She considered confirming this. What did it matter to this robotic man; this person who no emotions past anger and absence? Why she chose to leave was her affair and she found his question to be more of an accusation of distrust. "Well no love, I've made this decision far before just now. No, I simply cannot manage it. I live alone, work as one. I have only one job because of new regulations and my hours are hardly efficient- I simply cannot dream of being able to stay her any longer."

"You can't leave," he spat the words, his most prevalent emotion betraying him. Although veiled, it shone easily through his forced personality.

The corner of her lip twitched but not into a smile. It seemed to her that he was ignoring the situation which he was more than well aware of. "It's not that simple," she said, moving a strand of hair from in front of her eye. "I don't want to leave, you know."

"Then don't." He stood: an act of defiance to her words. In righting himself he had thrown a blanked of dominance over the small conversation. The veil had lifted fully from his anger but dropped again suddenly like a curtain on a broken rope.
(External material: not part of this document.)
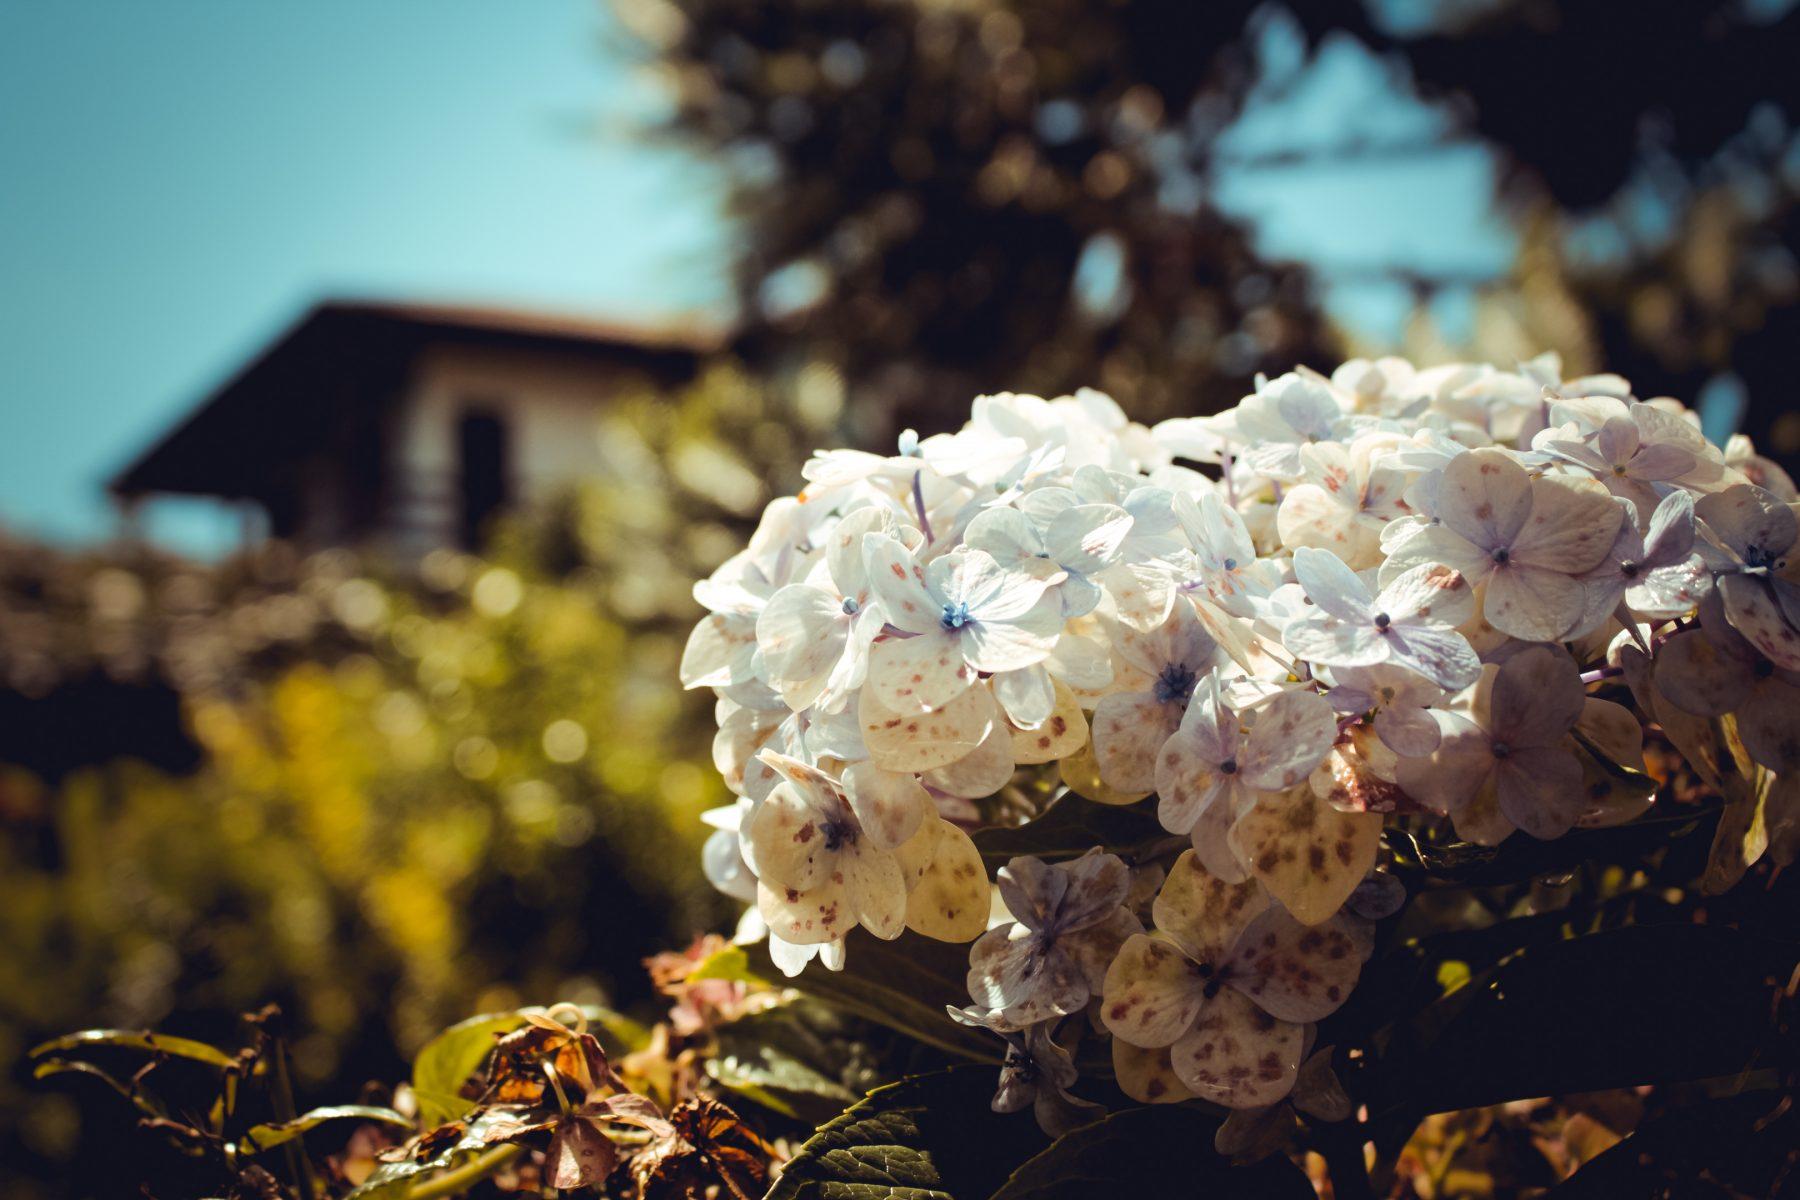 Flor no Hotel Bangalôs da Serra de Gramado - Foto: Natassia Truz Moraes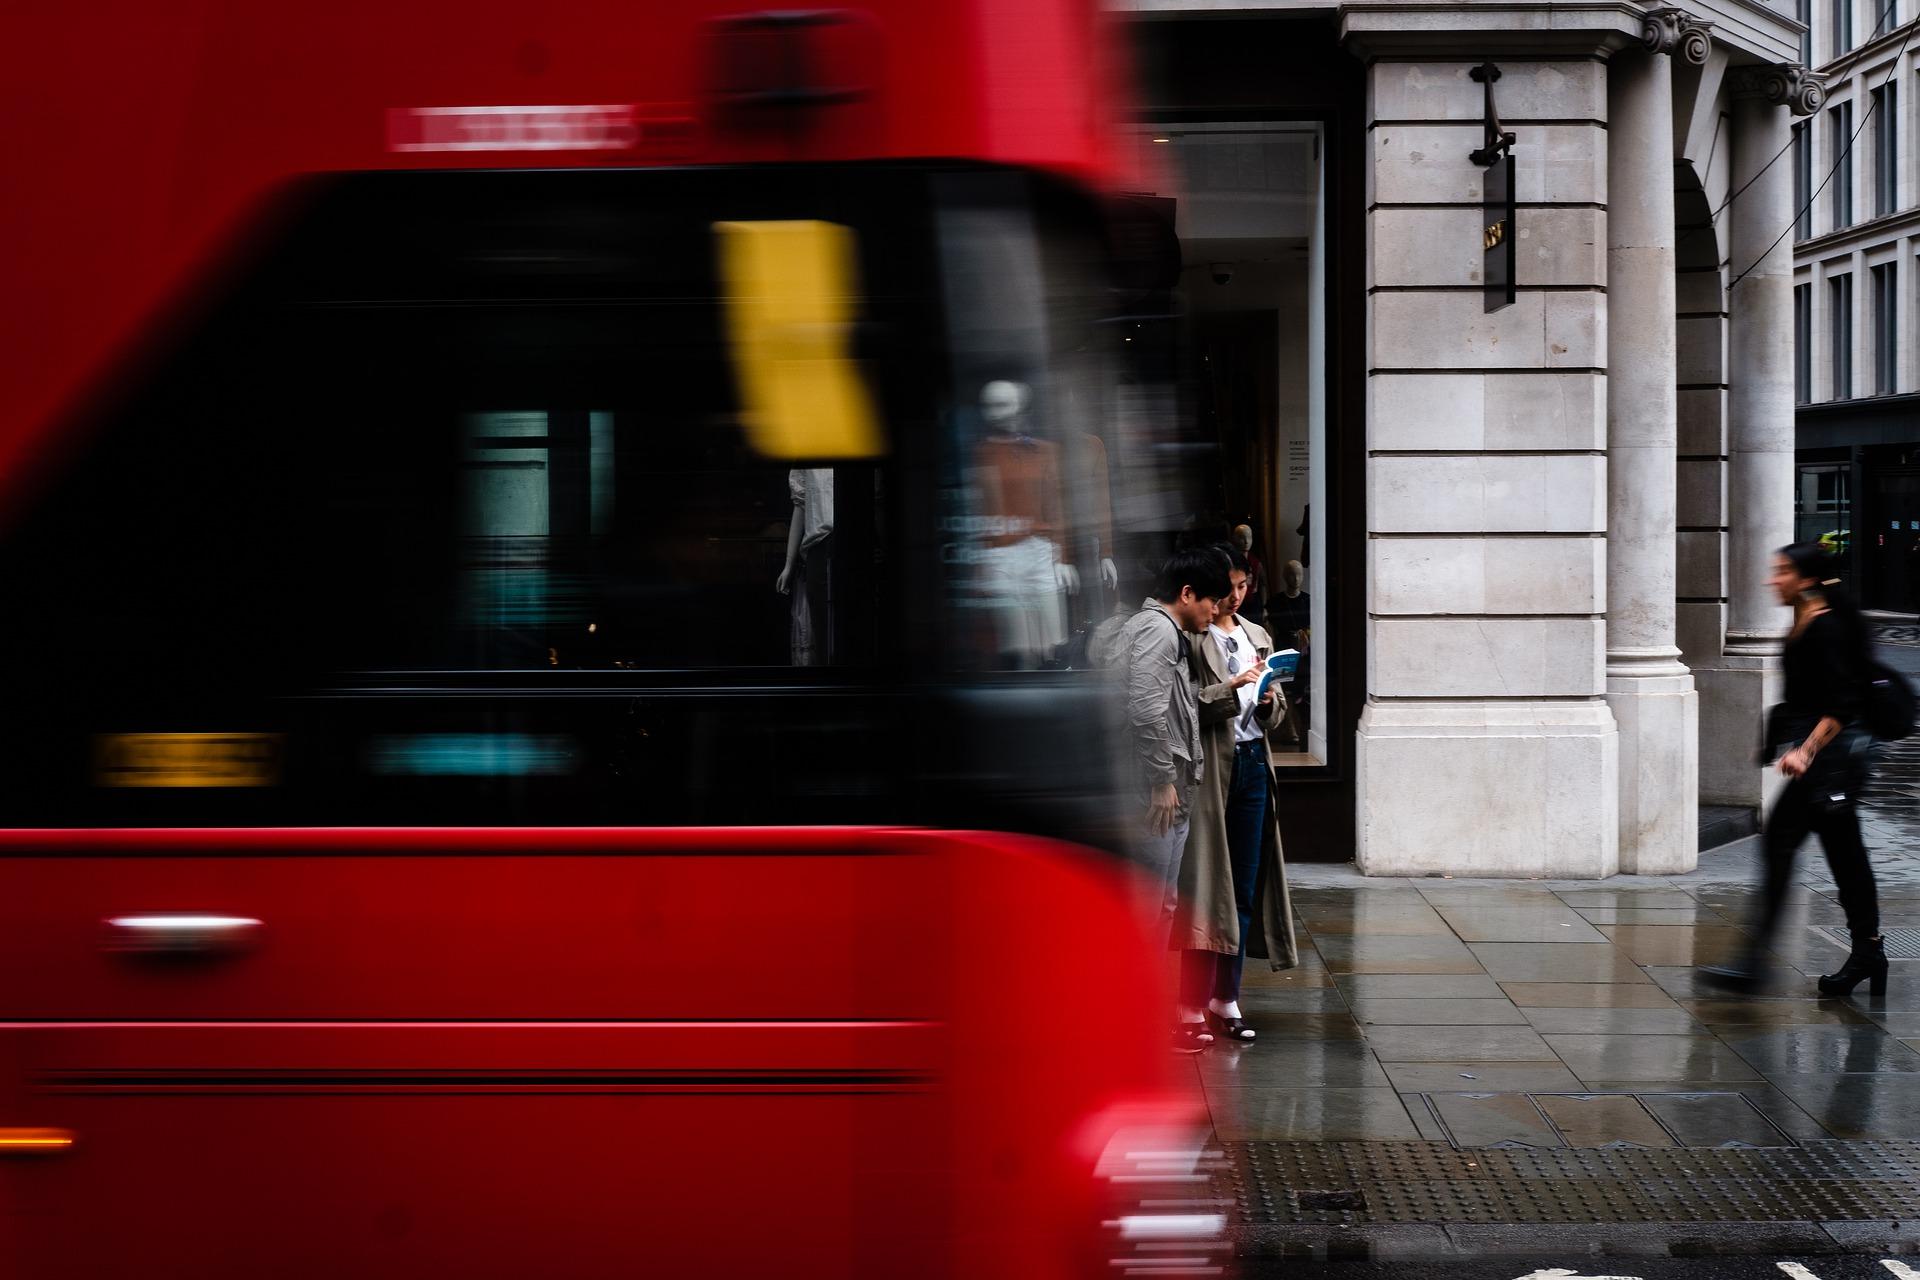 Darf man in einem leeren Bus masturbieren?

He took a new seat beside her and did not speak again for a long time.

She touched the corner of his eye. Thoughts of the future were streaming down his face which held no allusion to what he was feeling. His muscles were still relaxed and not a single knit appeared in his brow. "I'll pay your expenses or you can live with me. You will have your own room. We will live the same and converse the same as we do now. It will be no different." His tone was wistful and his eyes dull. "I'll take care of you. Even if you choose to stay for your own benefit, please feel no regret in doing so." He sounded as if he were making a business arrangement. Everything about him held an air of profession, although she was clueless to his what he did for work. She assumed it to be profitable. This aroused her curiosity. A man that killed people, a man that was hardened to any thought of displaying a positive emotion could not possible work with people; could never have a normal job. Inwardly she sighed.

"Excuse me love." He stood so that she could as well. In the living room she found a comfortable pair of sleeping shorts and a robe, then, after placing her dirty clothes on the table beside her clean laundry, she returned to her room. He was still standing when she saw him, looking up at the patterned ceiling with a vague expression. "Let's go to sleep, hm?" Her nervousness had dissipated and she smiled at him with all of the serenity she had compiled on her return to the room where she intended to spend the night with a man that dreamed of killing her. She pulled back the blankets on both sides of the bed and took her place.

"Promise me you will consider it." He said while loosening his collar and crossing the room to his side of the bed.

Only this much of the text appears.